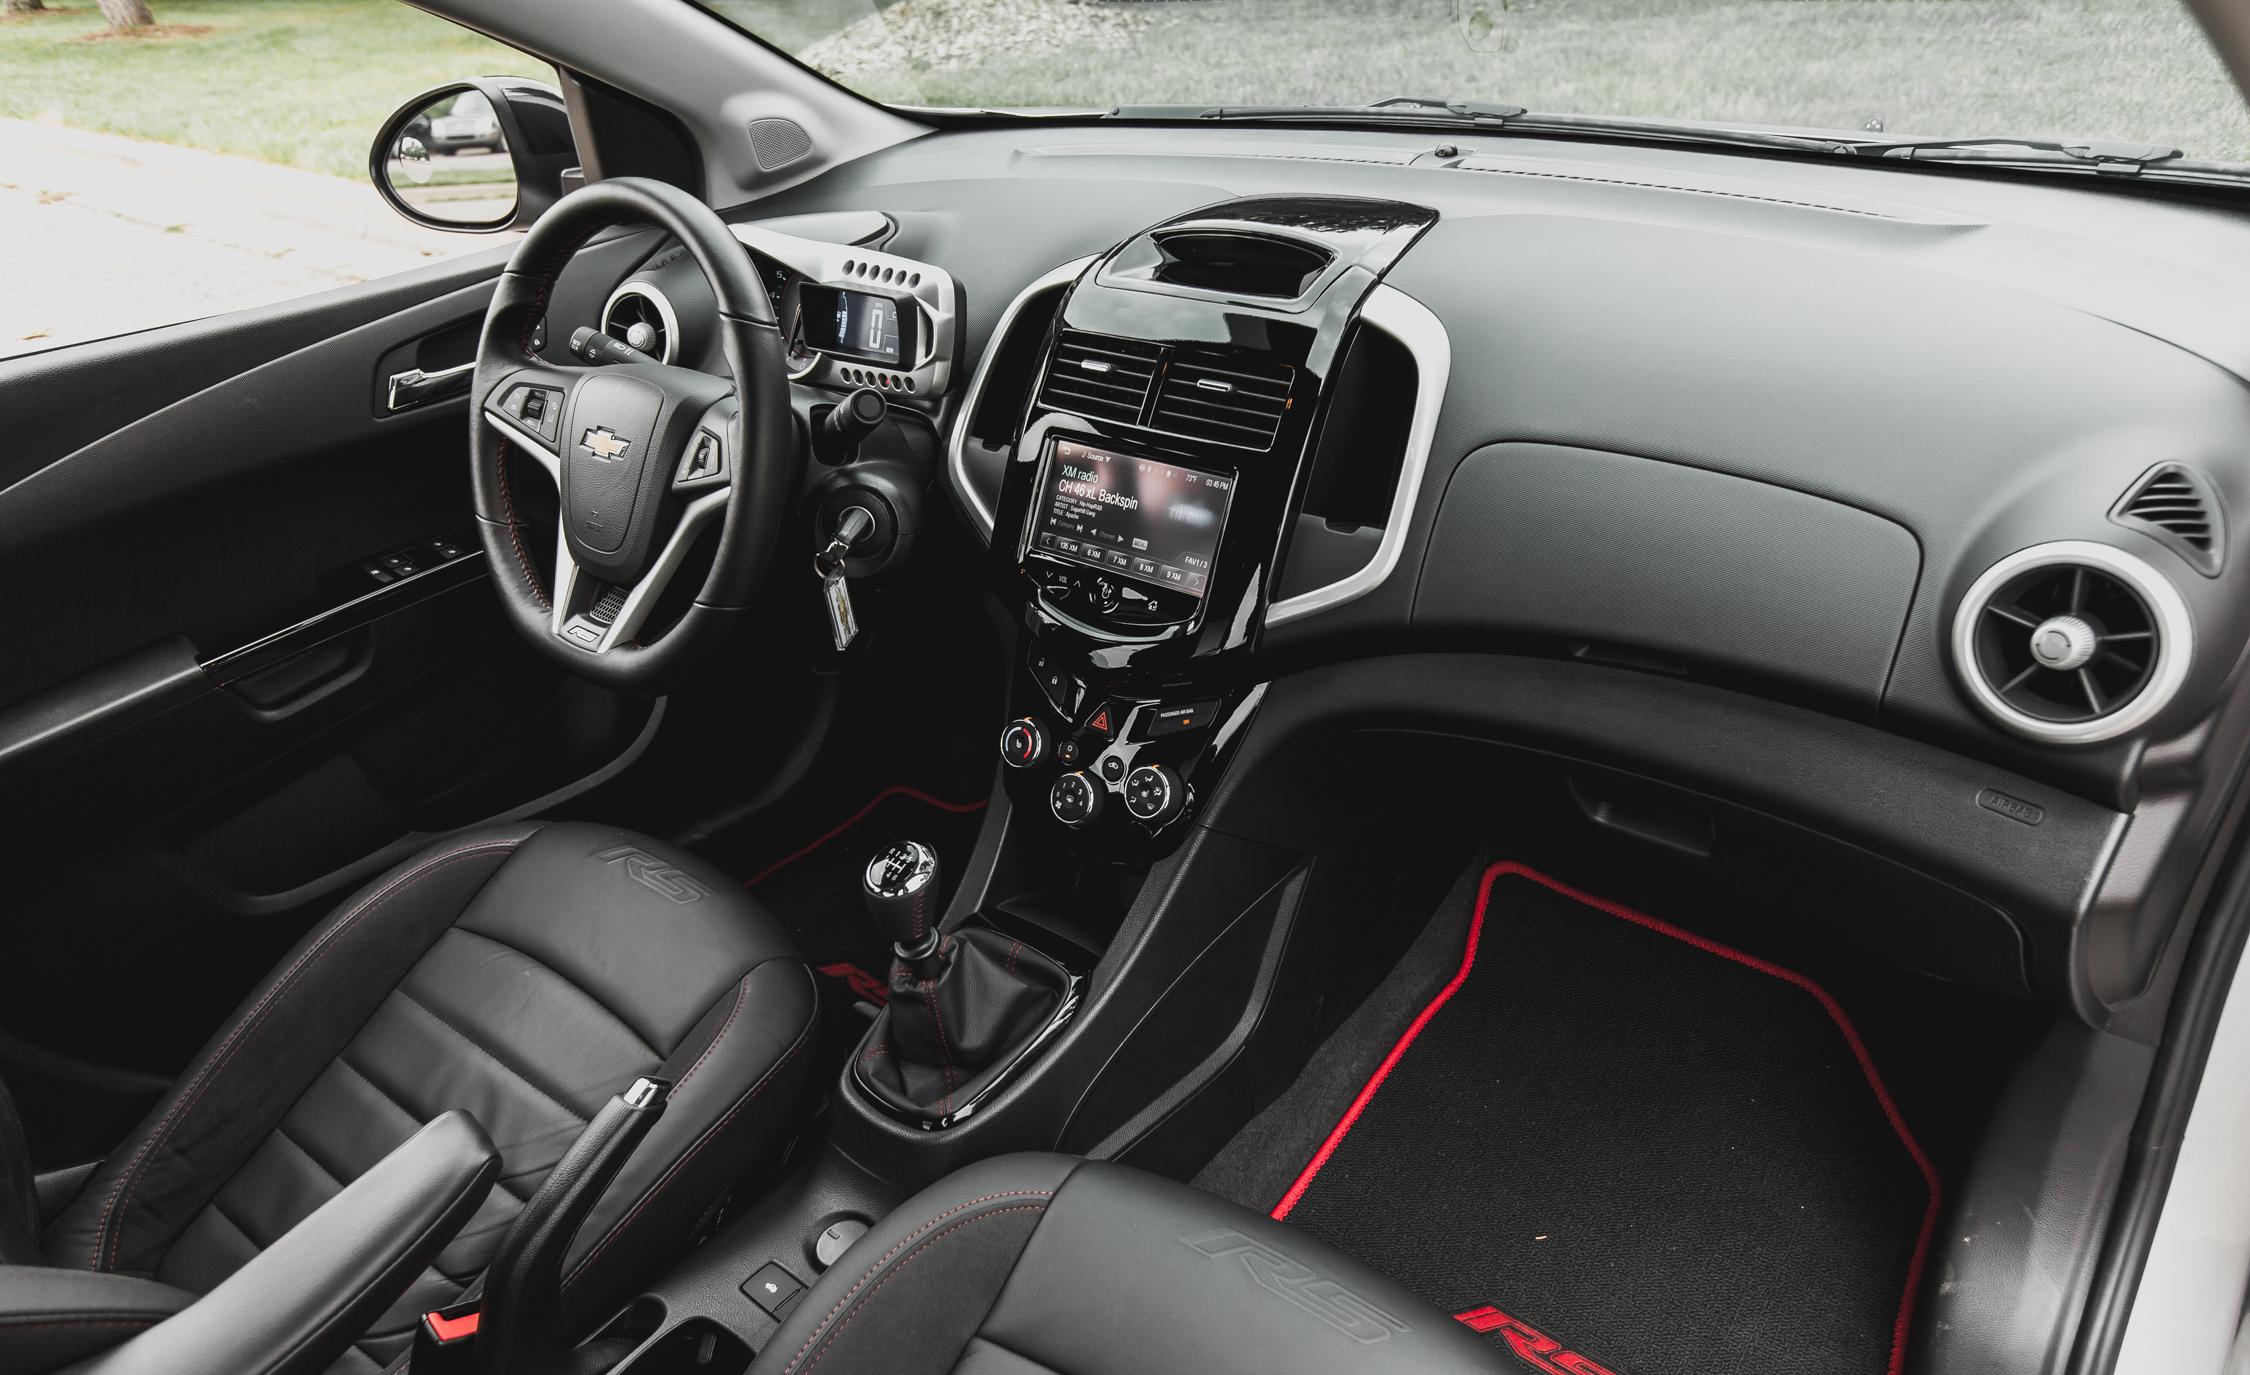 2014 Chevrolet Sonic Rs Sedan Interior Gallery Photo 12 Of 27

|---|

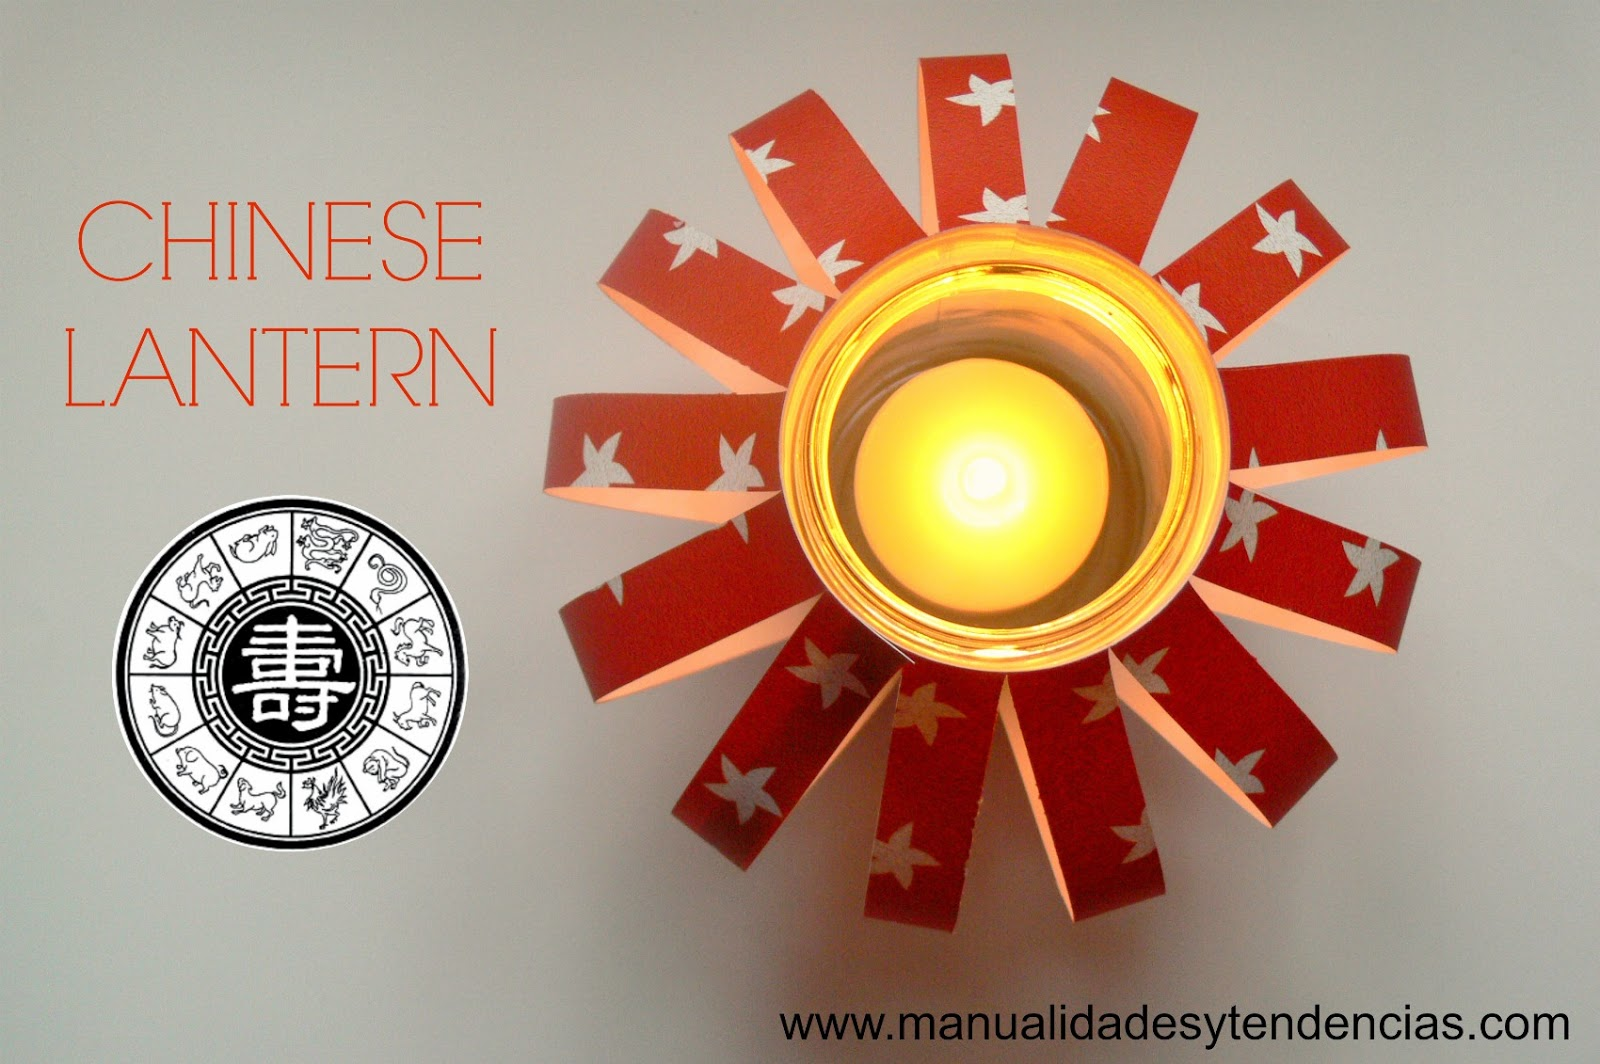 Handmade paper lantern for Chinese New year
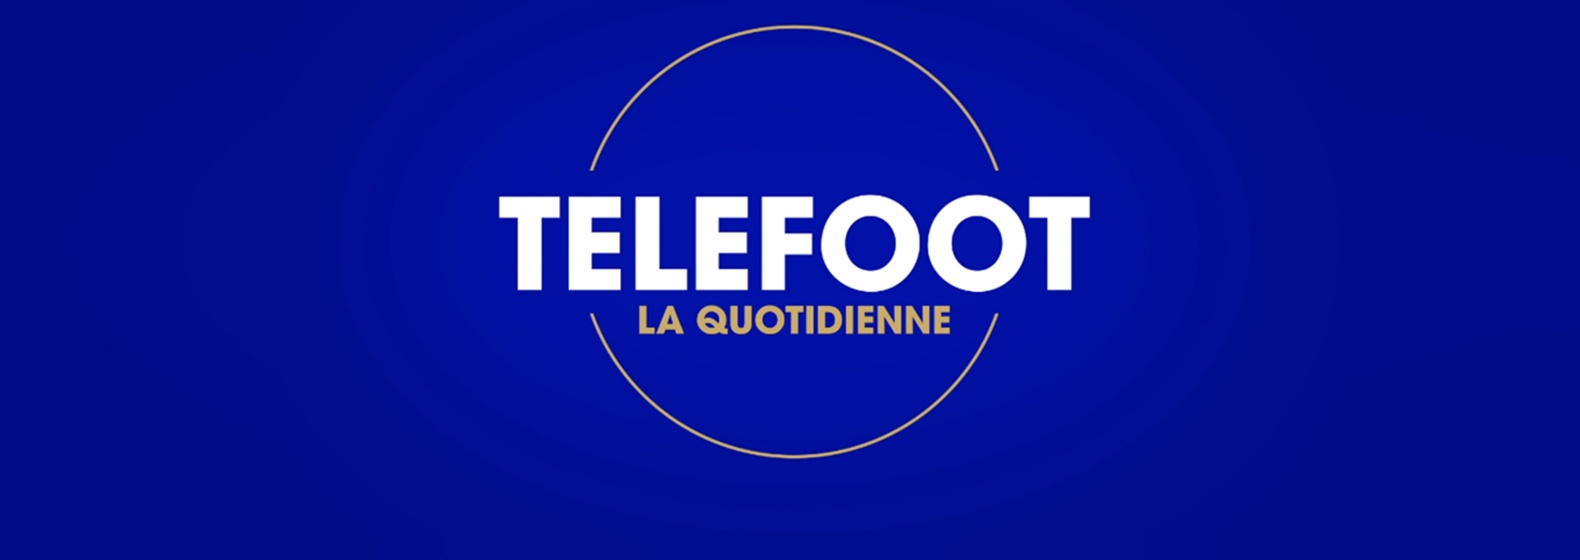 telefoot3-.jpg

|---|

(PROBLEM TO WORK ON) Take the material above and output only the lines from the one that contains "Handmade paper lantern for Chinese New year" through the one that contains "telefoot3-.jpg", ends included and images left out.

(RESPONSE TO THE TASK)
 Handmade paper lantern for Chinese New year
 telefoot3-.jpg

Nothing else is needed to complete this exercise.